> _Task goal_
Output the data below only from the line containing "FolkArt ® Brush Plus™, 8 oz. - 20482" up to and including the line containing "New Starter For", exact and with the pictures left out.

> _Extracted entries_
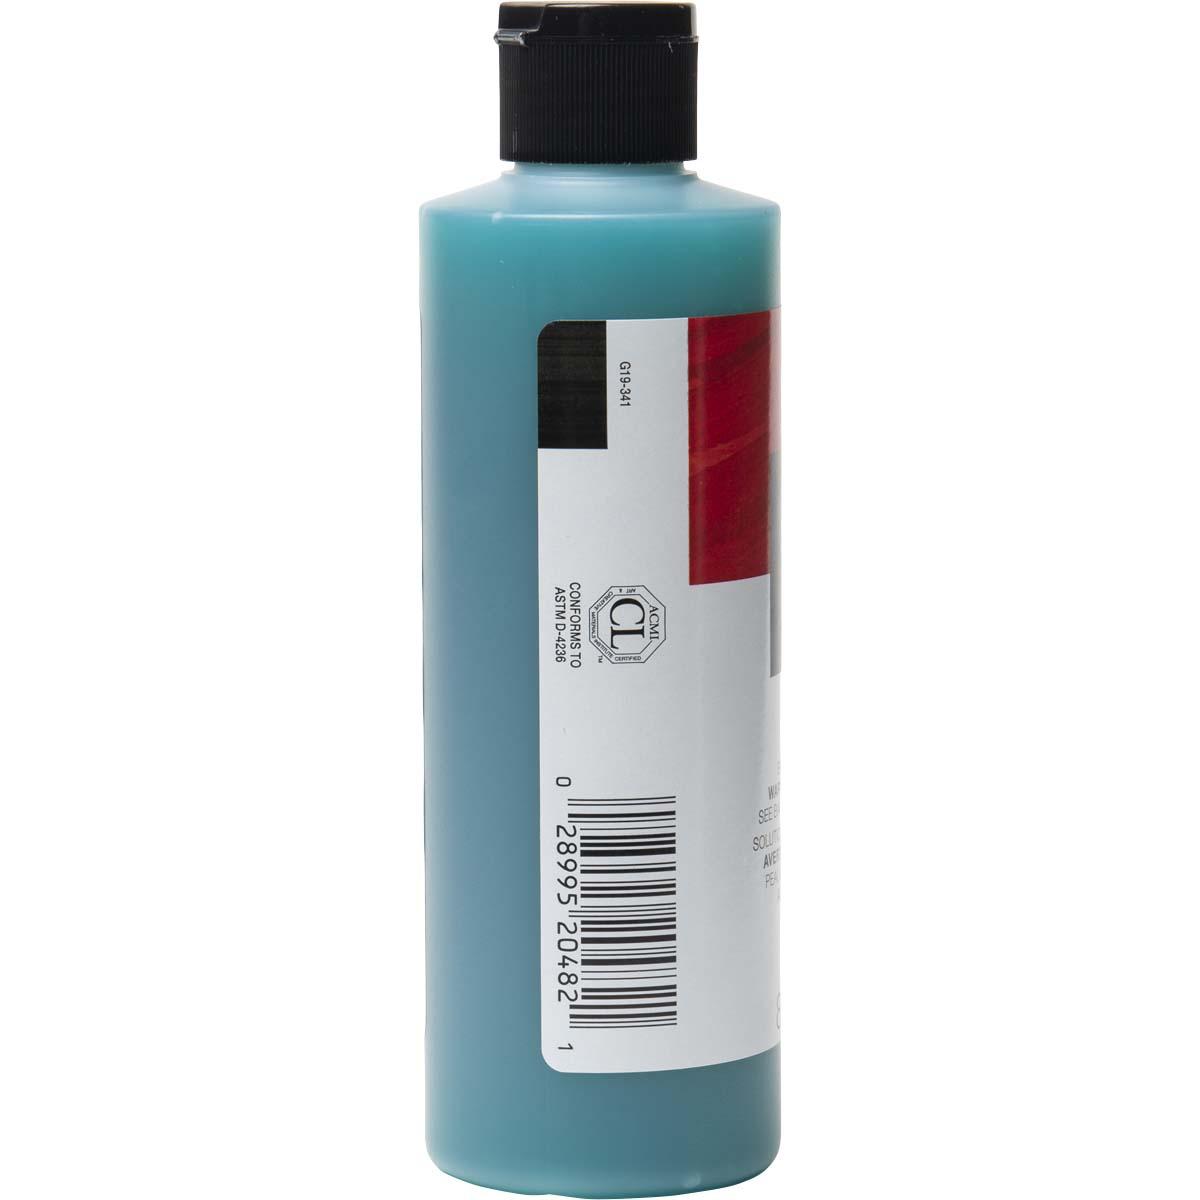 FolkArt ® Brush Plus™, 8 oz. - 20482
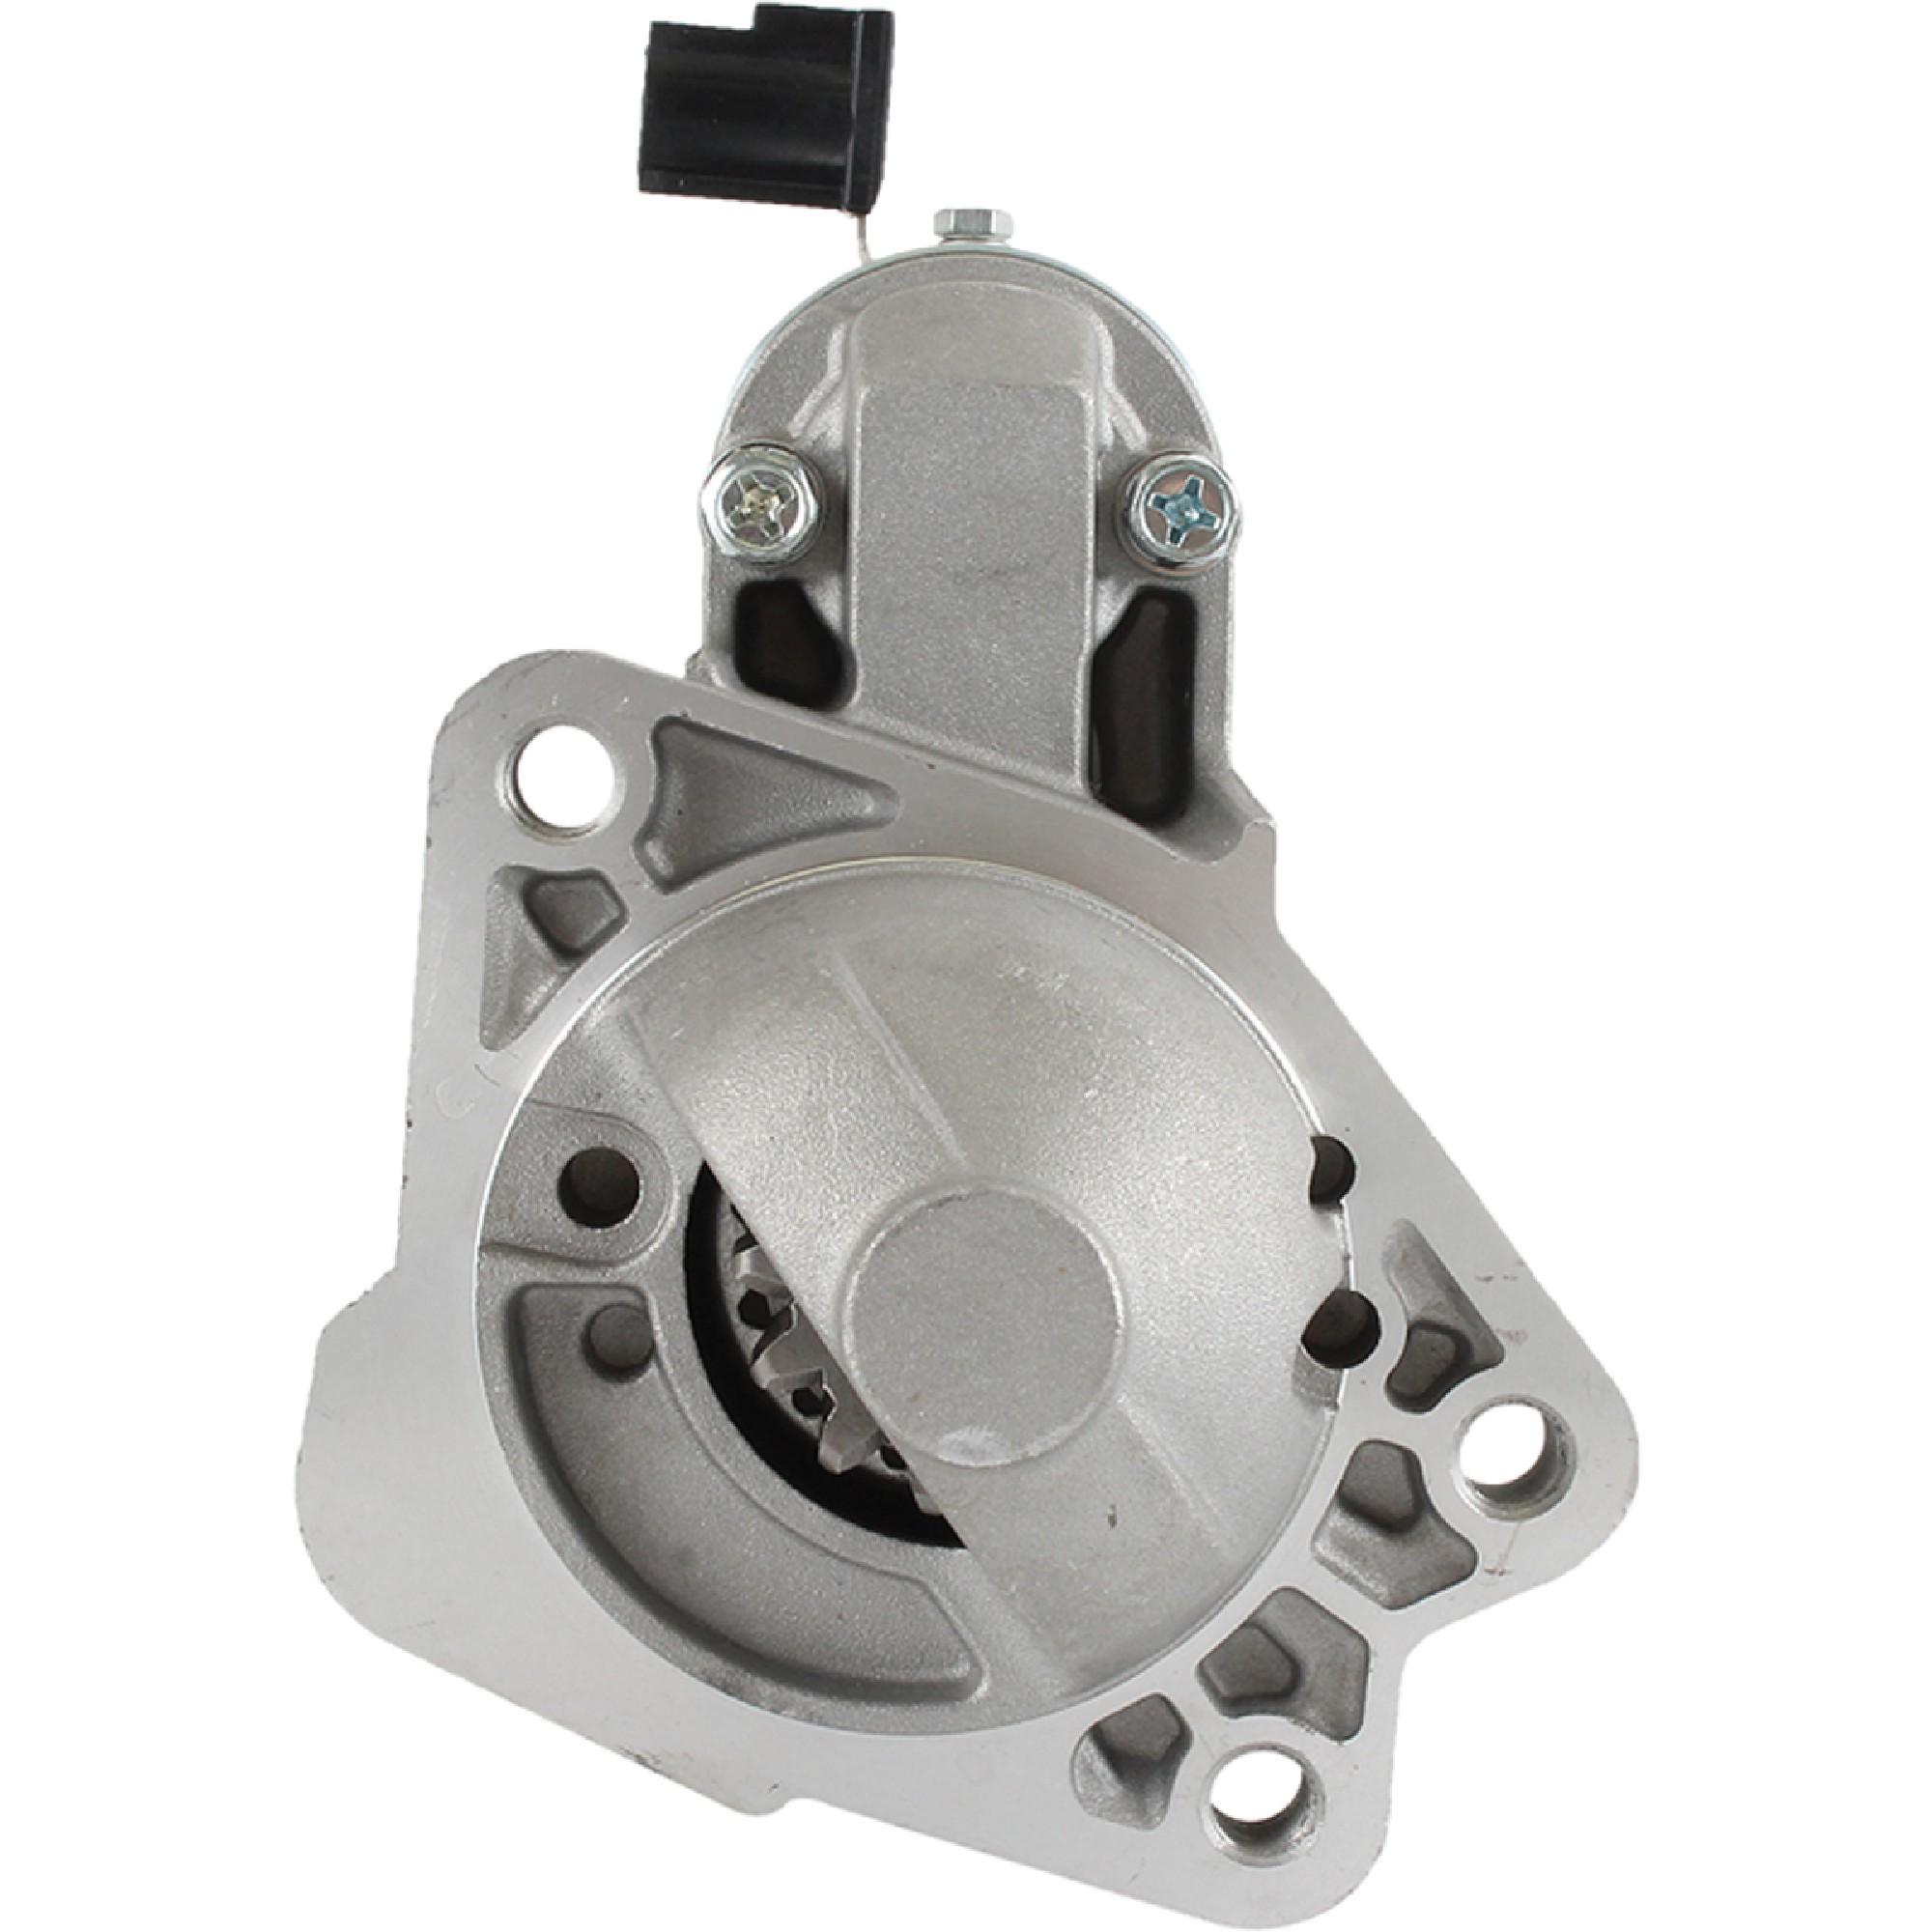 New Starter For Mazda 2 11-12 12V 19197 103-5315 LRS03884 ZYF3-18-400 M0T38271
* * *
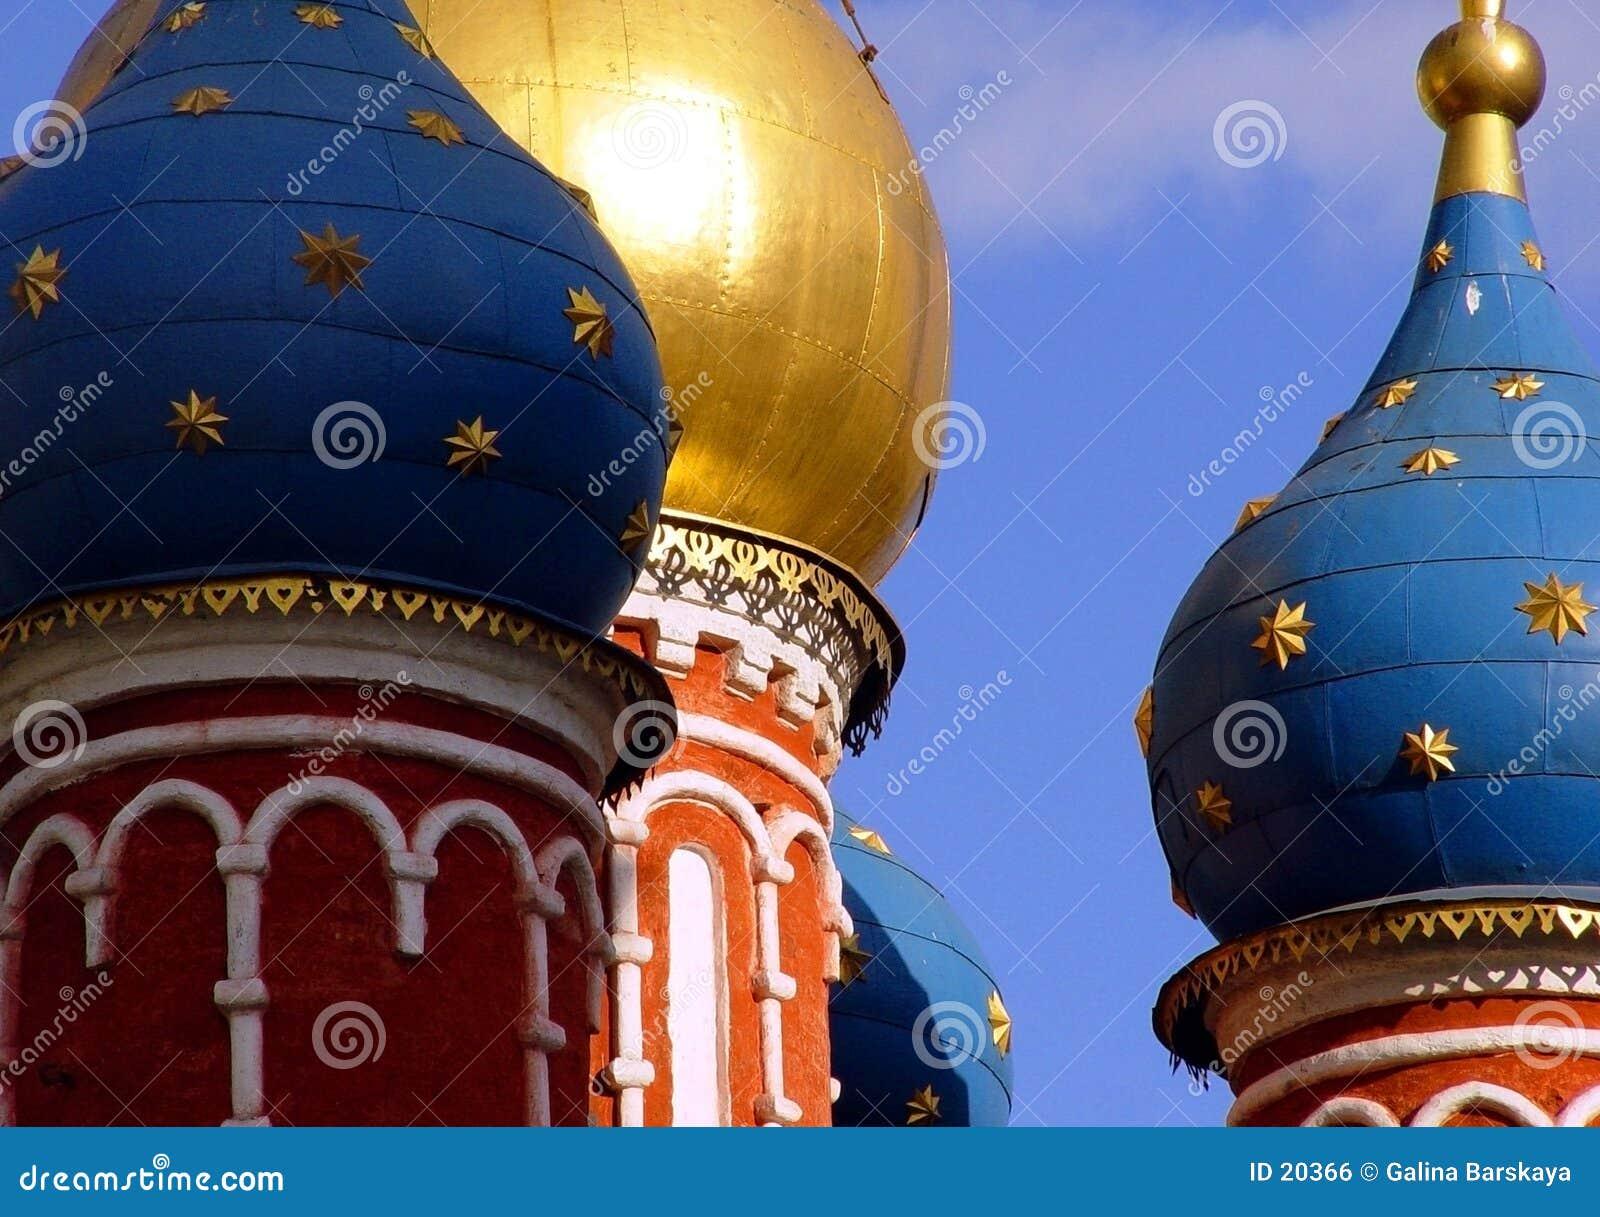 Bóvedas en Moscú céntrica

> _Answer to this problem_
 FolkArt ® Brush Plus™, 8 oz. - 20482
 New Starter For Mazda 2 11-12 12V 19197 103-5315 LRS03884 ZYF3-18-400 M0T38271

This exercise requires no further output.